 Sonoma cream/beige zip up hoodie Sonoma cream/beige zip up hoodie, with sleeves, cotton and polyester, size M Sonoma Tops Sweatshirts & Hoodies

##########

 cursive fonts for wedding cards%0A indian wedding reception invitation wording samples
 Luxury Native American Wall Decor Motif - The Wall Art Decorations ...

##########

In the records above, the line with "cursive fonts for" marks the start and the line with "Luxury Native American" marks the end; copy that stretch exactly, both lines included, and nothing else.

Answer to this task:
 cursive fonts for wedding cards%0A indian wedding reception invitation wording samples
 Luxury Native American Wall Decor Motif - The Wall Art Decorations ...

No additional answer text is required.